▶ Supplied data:
..........

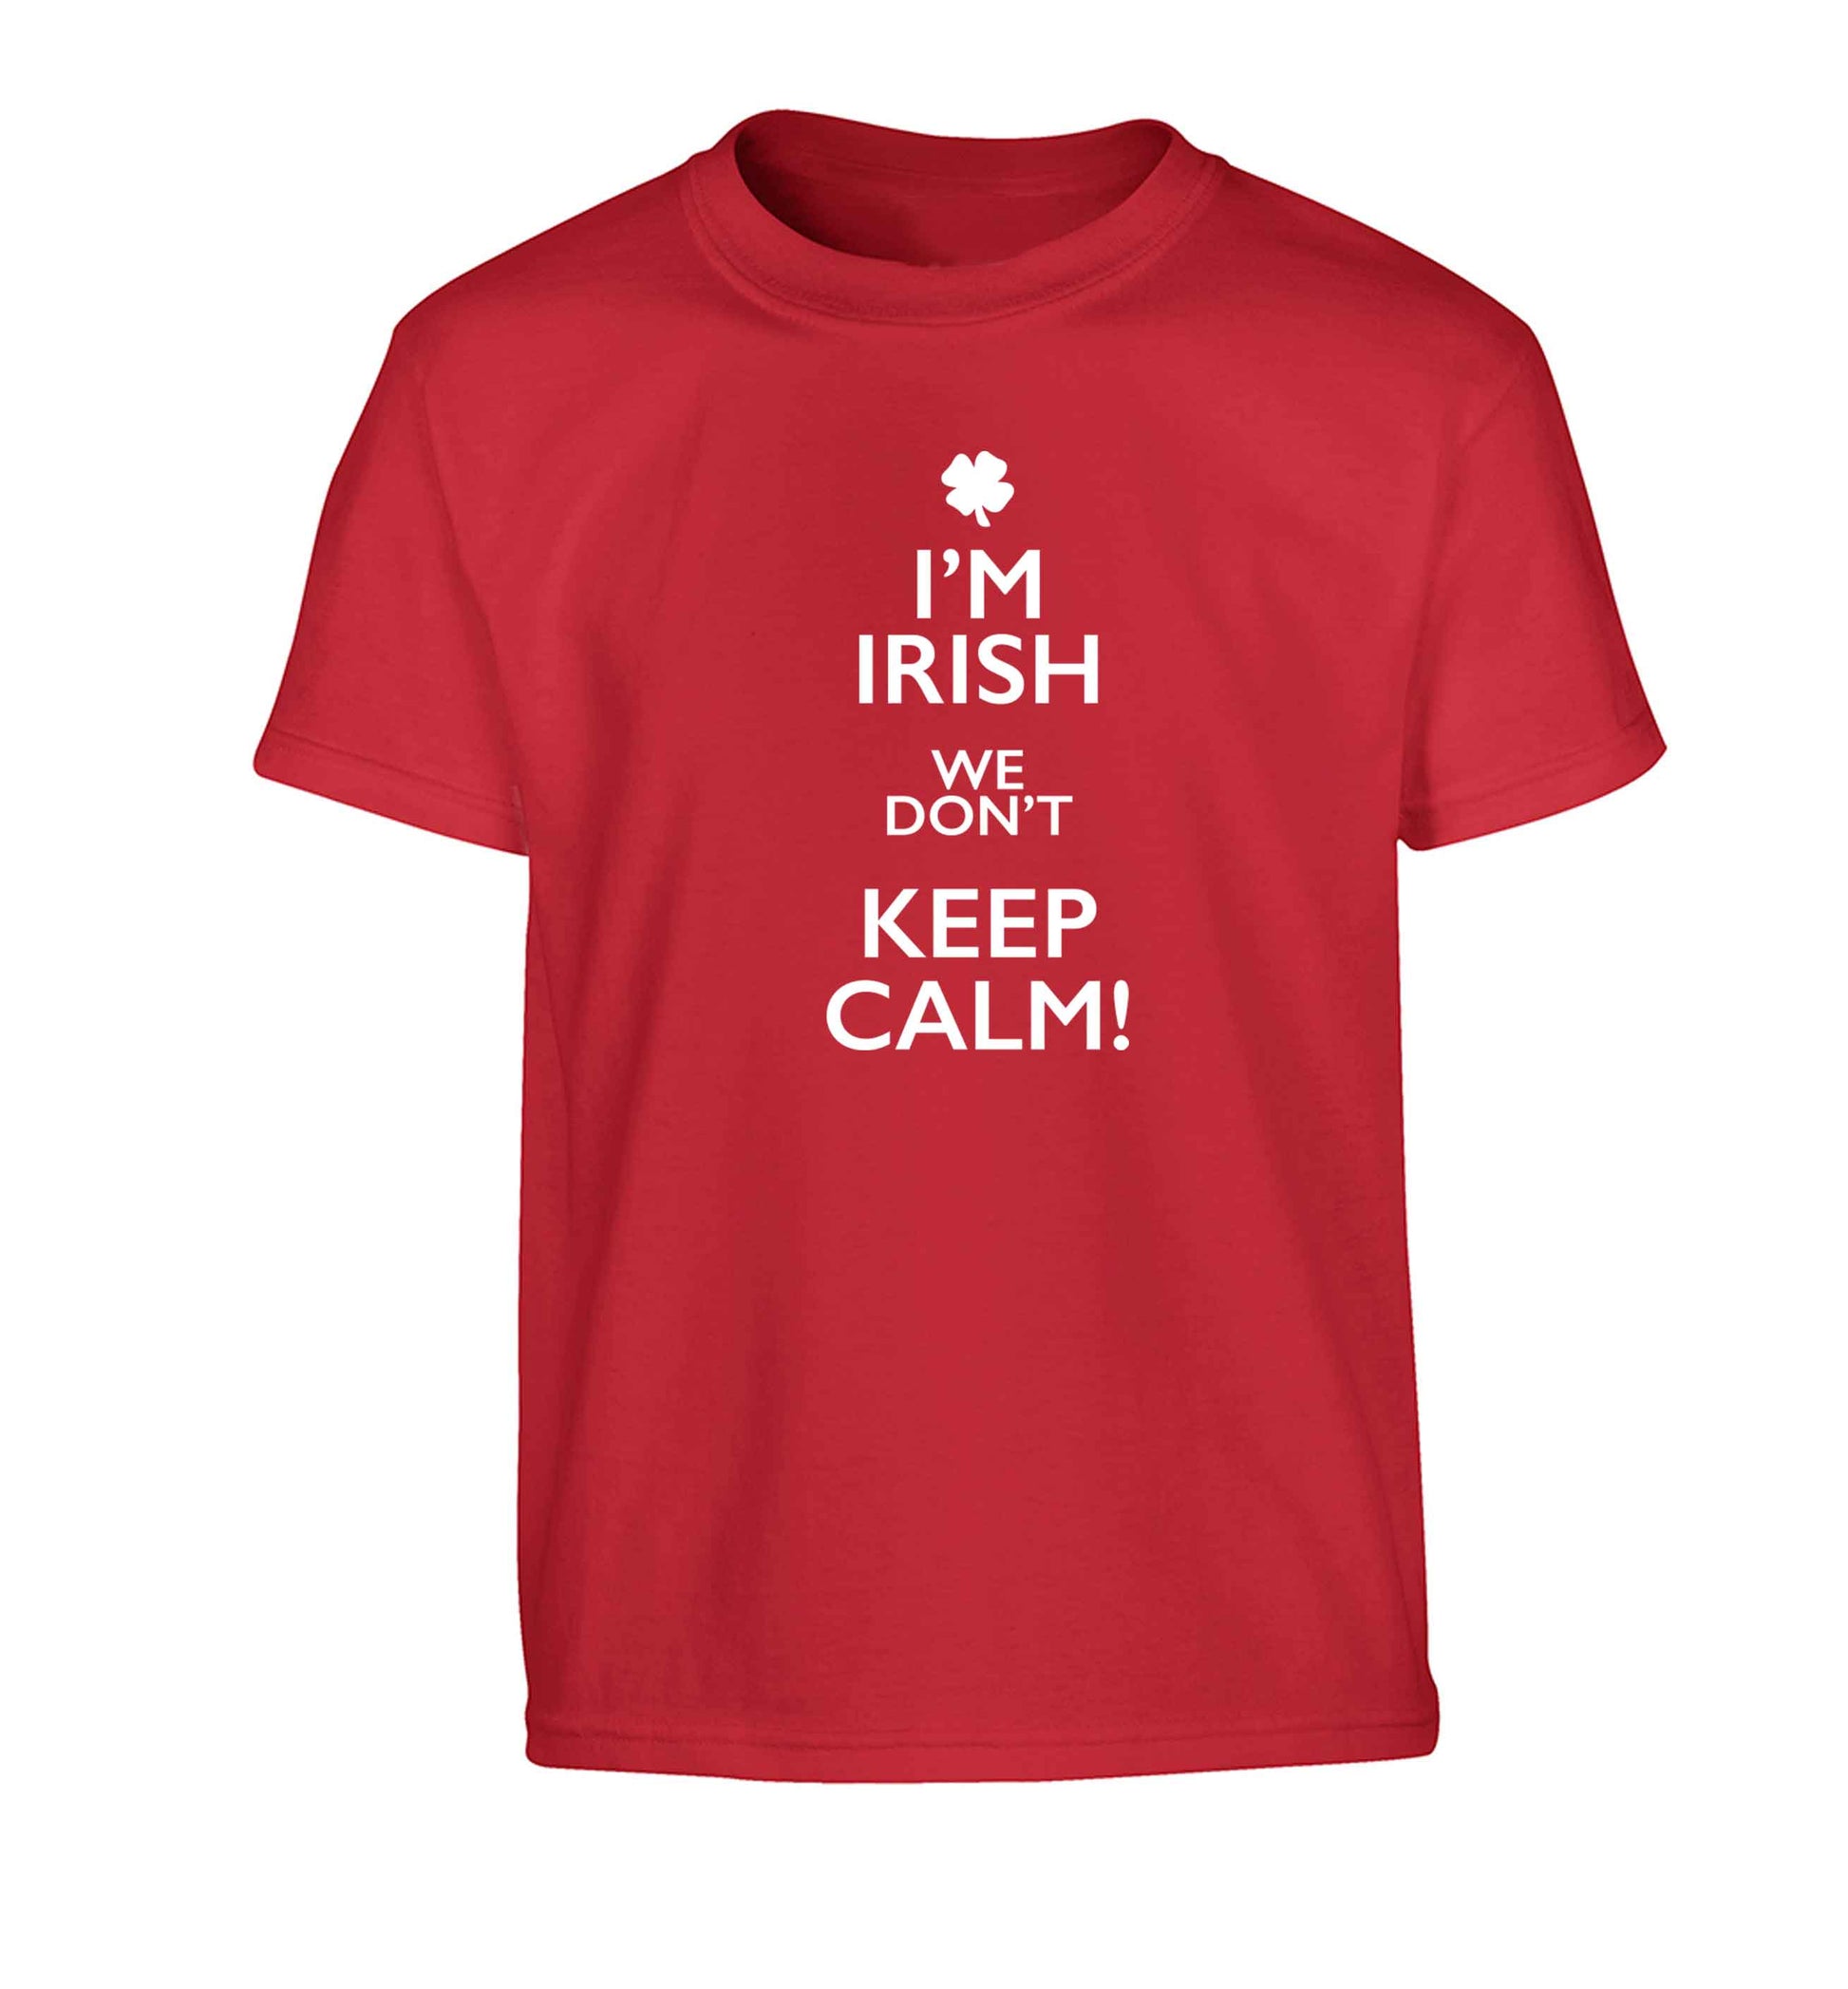 I'm Irish we don't keep calm Children's red Tshirt 12-13 Years
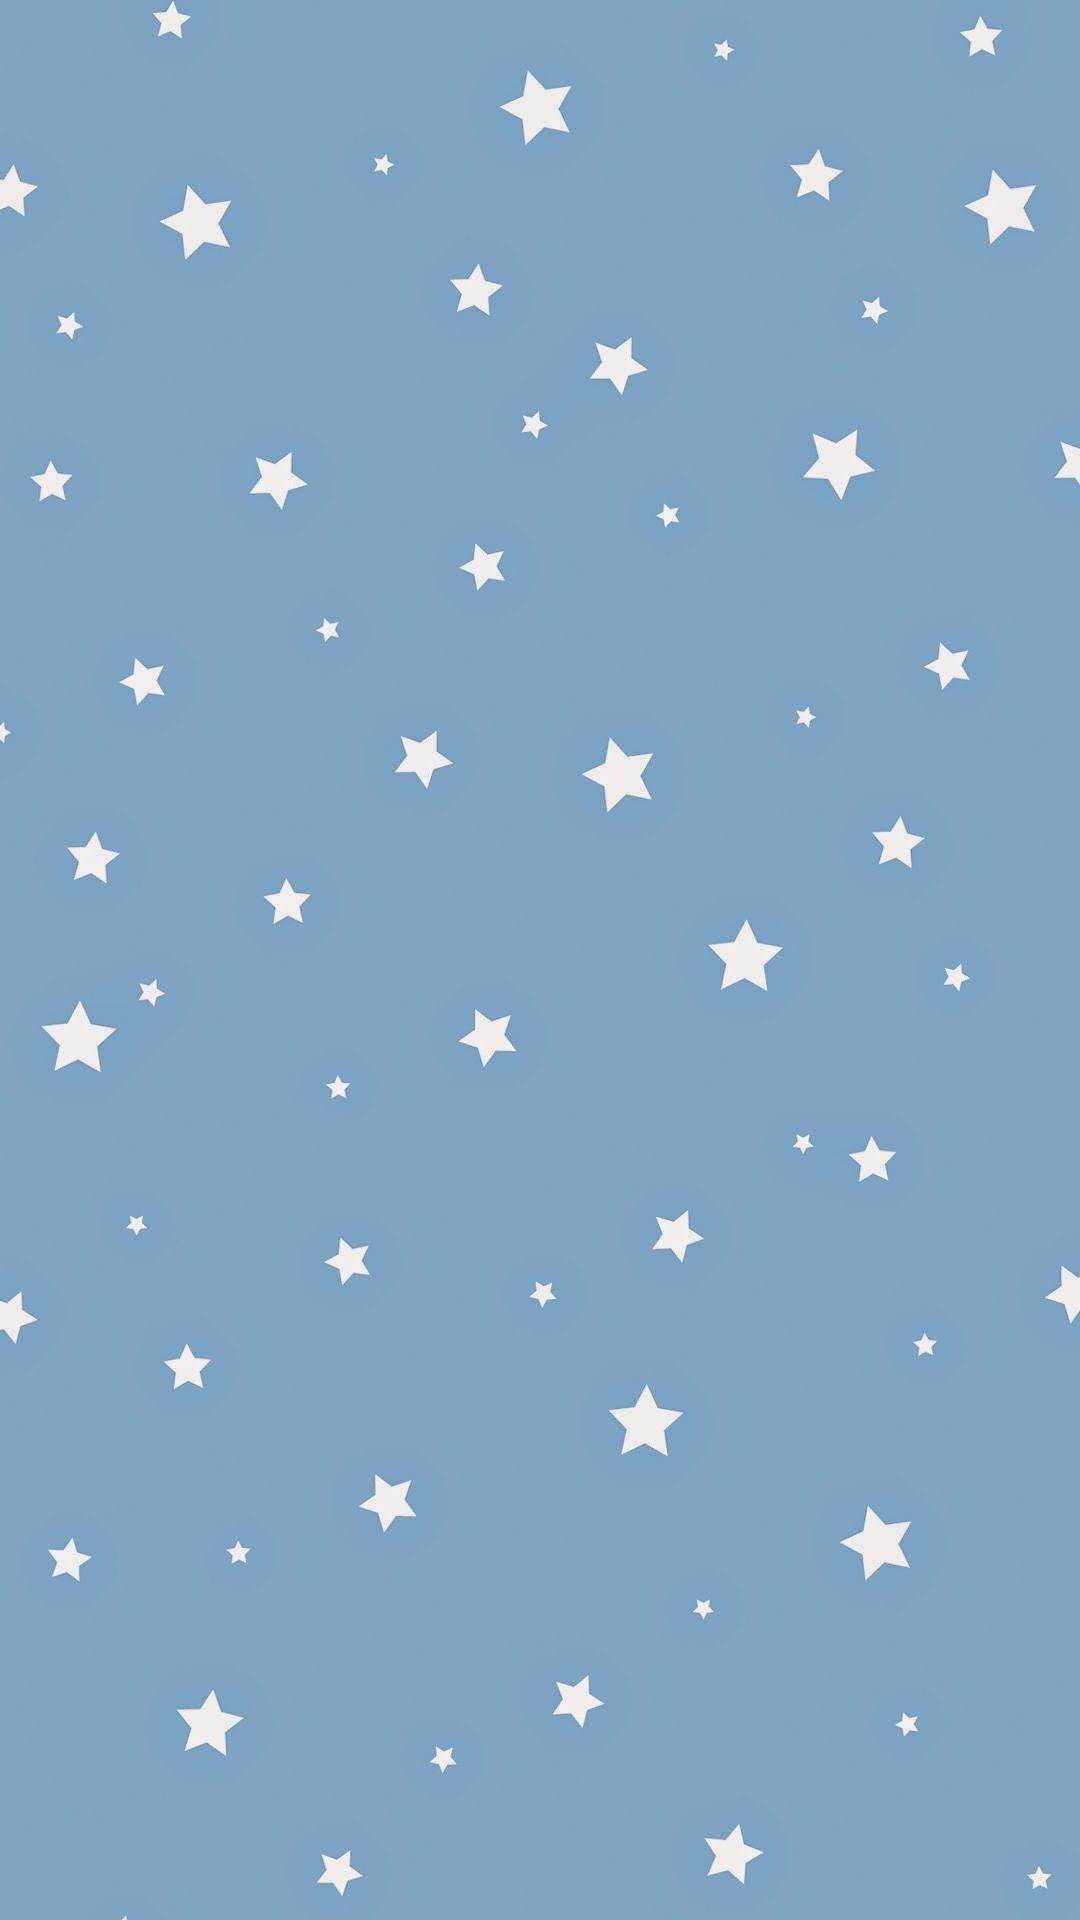 Aesthetic Star Wallpaper Free Aesthetic Star Background
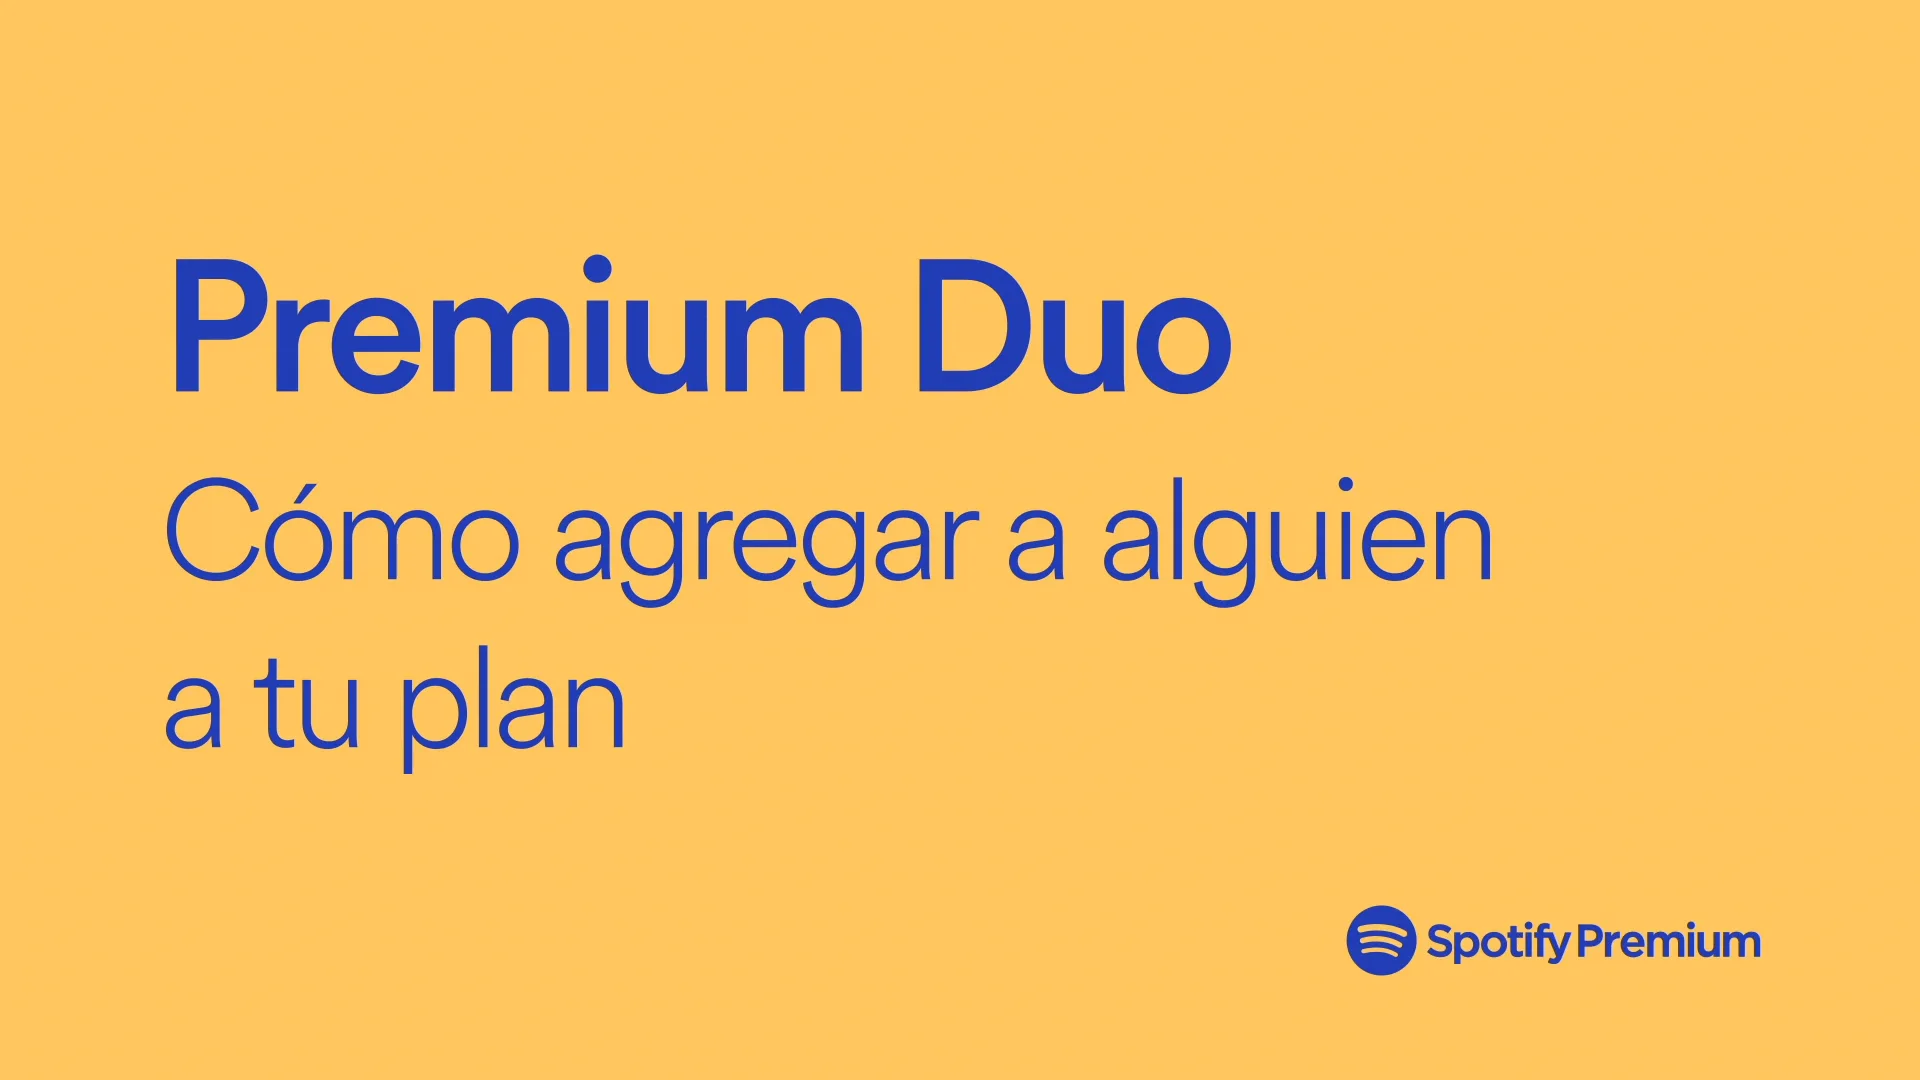 Spotify Premium Duo: cómo agregar a alguien a tu plan on Vimeo

..........

▶ Work required:
What is needed is the whole listing again, exactly as written, with the images left out.

▶ Exercise answer:
 I'm Irish we don't keep calm Children's red Tshirt 12-13 Years
 Aesthetic Star Wallpaper Free Aesthetic Star Background
 Spotify Premium Duo: cómo agregar a alguien a tu plan on Vimeo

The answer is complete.